To do: Using the data below, set down every line from the one containing "Wesco Küchenwaage |" through the one containing "為動畫插上音樂的翅膀:宮崎駿與久石讓", inclusive and unchanged. Pictures are to be skipped.

Given records:
=== Begin Enclosure ===

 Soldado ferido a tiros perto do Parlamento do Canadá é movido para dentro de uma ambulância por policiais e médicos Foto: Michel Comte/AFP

=== End Enclosure ===
=== Begin Enclosure ===

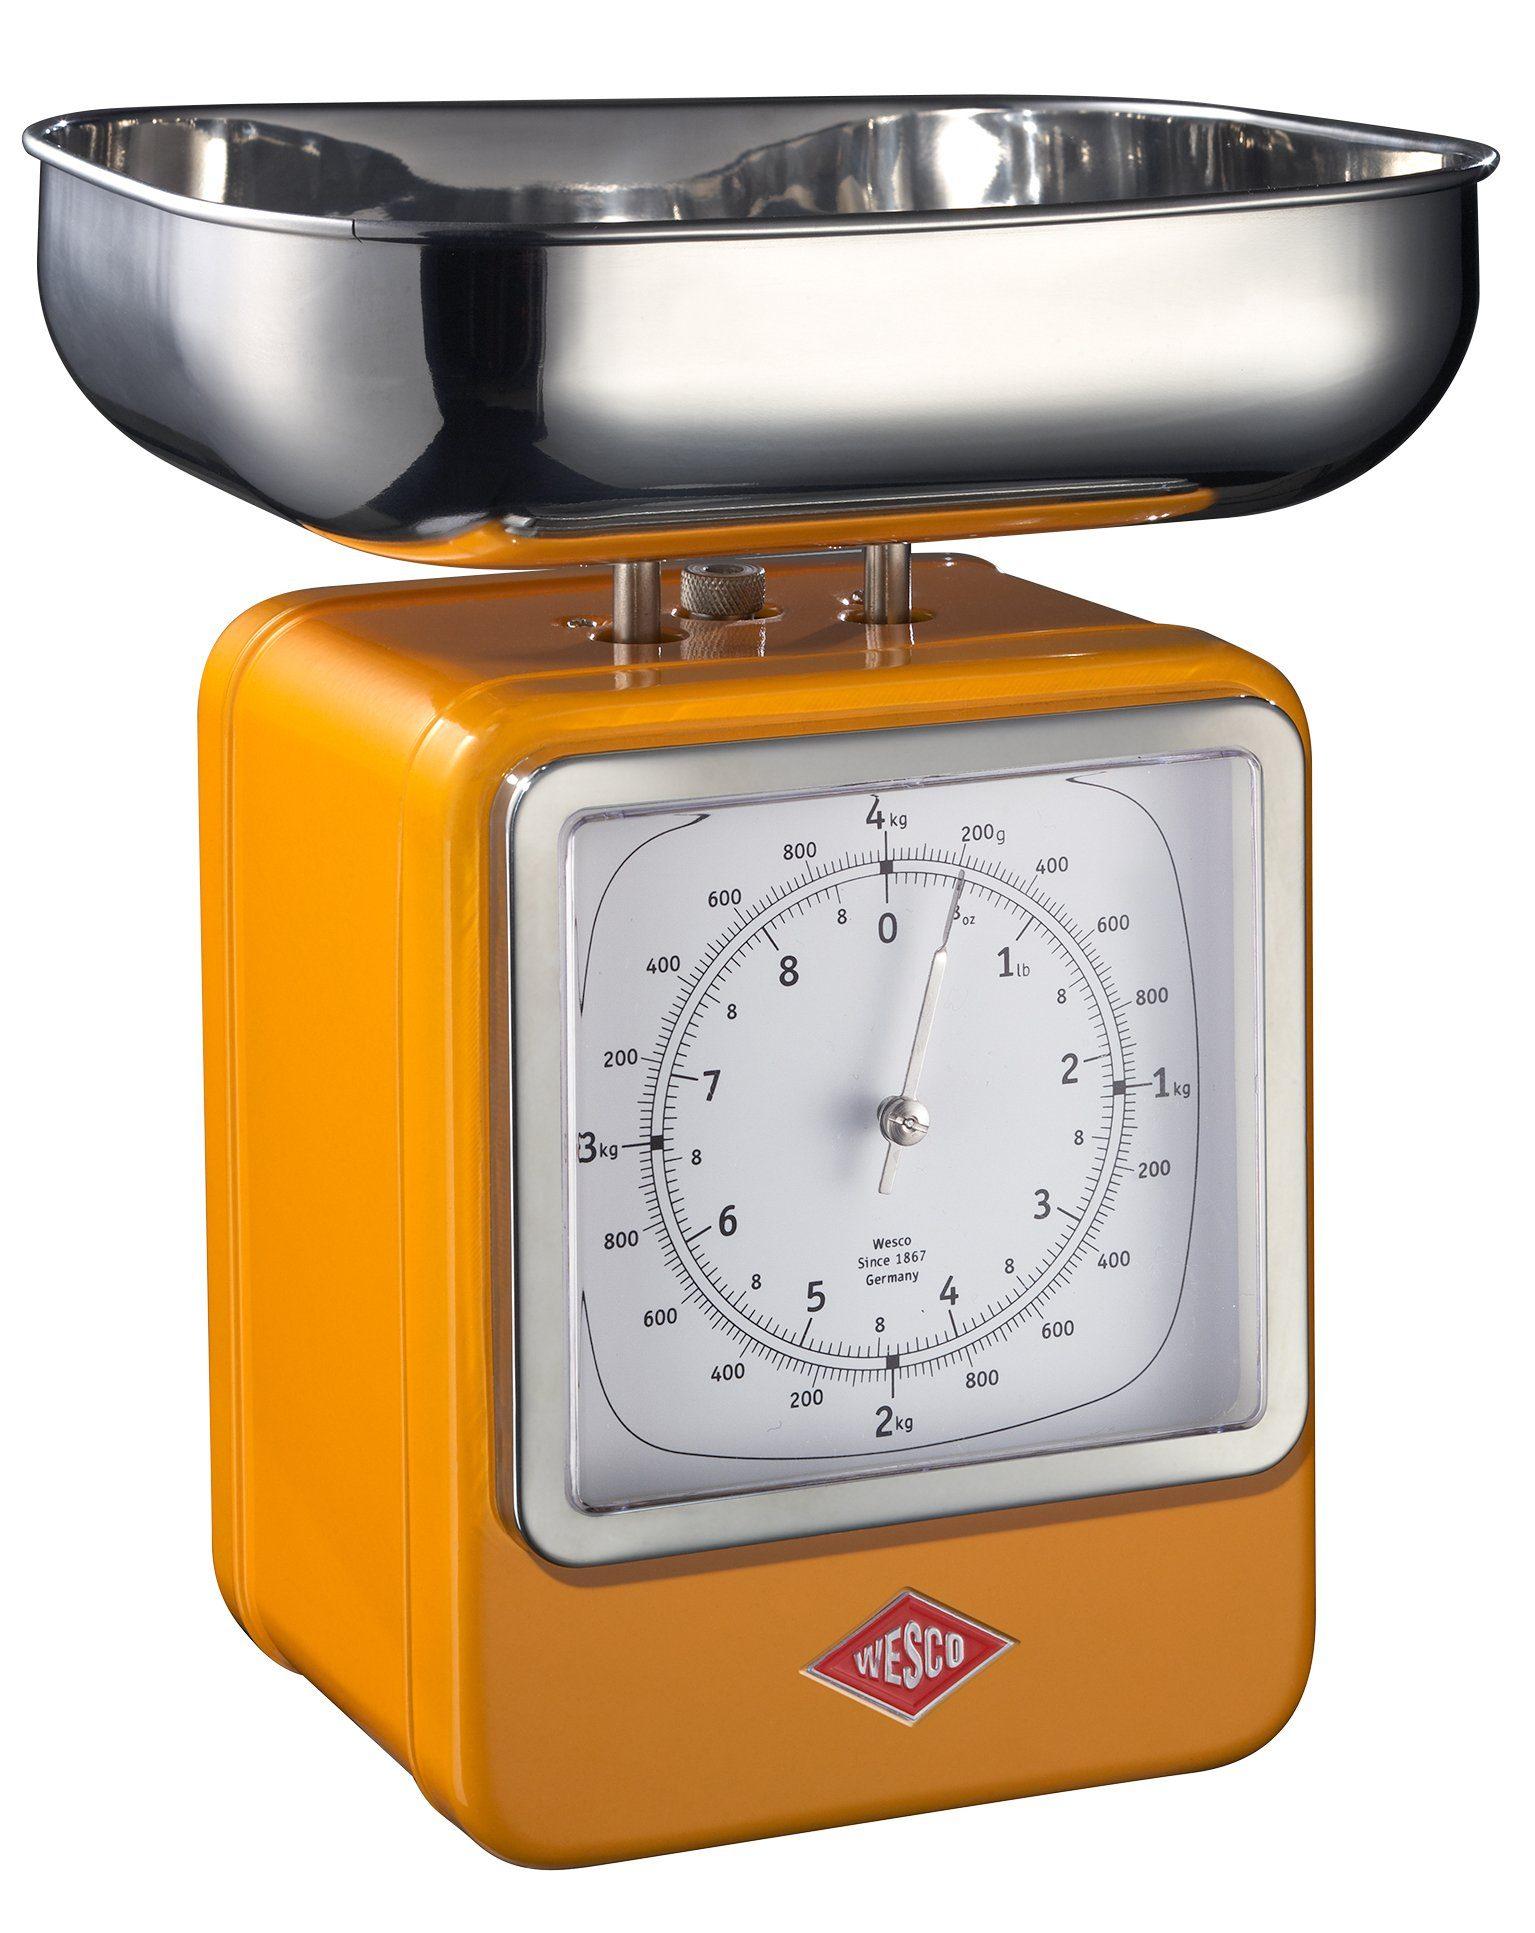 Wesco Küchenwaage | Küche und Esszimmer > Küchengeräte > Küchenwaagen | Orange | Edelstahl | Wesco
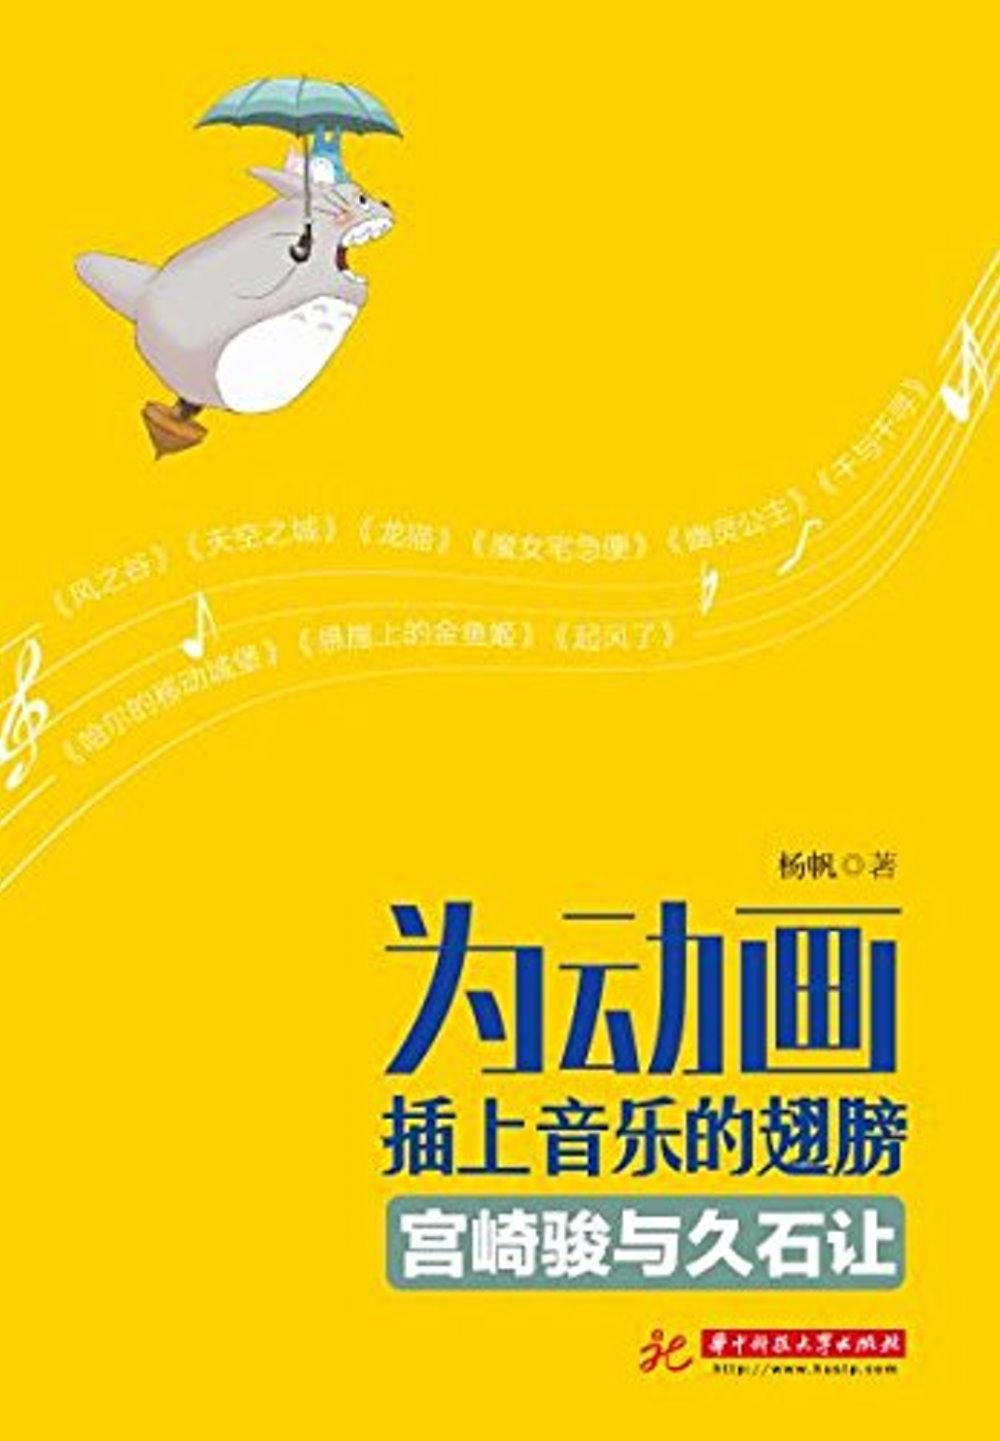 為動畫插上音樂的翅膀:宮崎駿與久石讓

=== End Enclosure ===
=== Begin Enclosure ===

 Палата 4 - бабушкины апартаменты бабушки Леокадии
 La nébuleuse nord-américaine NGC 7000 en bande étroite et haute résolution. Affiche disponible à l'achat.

=== End Enclosure ===

Answer area:
 Wesco Küchenwaage | Küche und Esszimmer > Küchengeräte > Küchenwaagen | Orange | Edelstahl | Wesco
 為動畫插上音樂的翅膀:宮崎駿與久石讓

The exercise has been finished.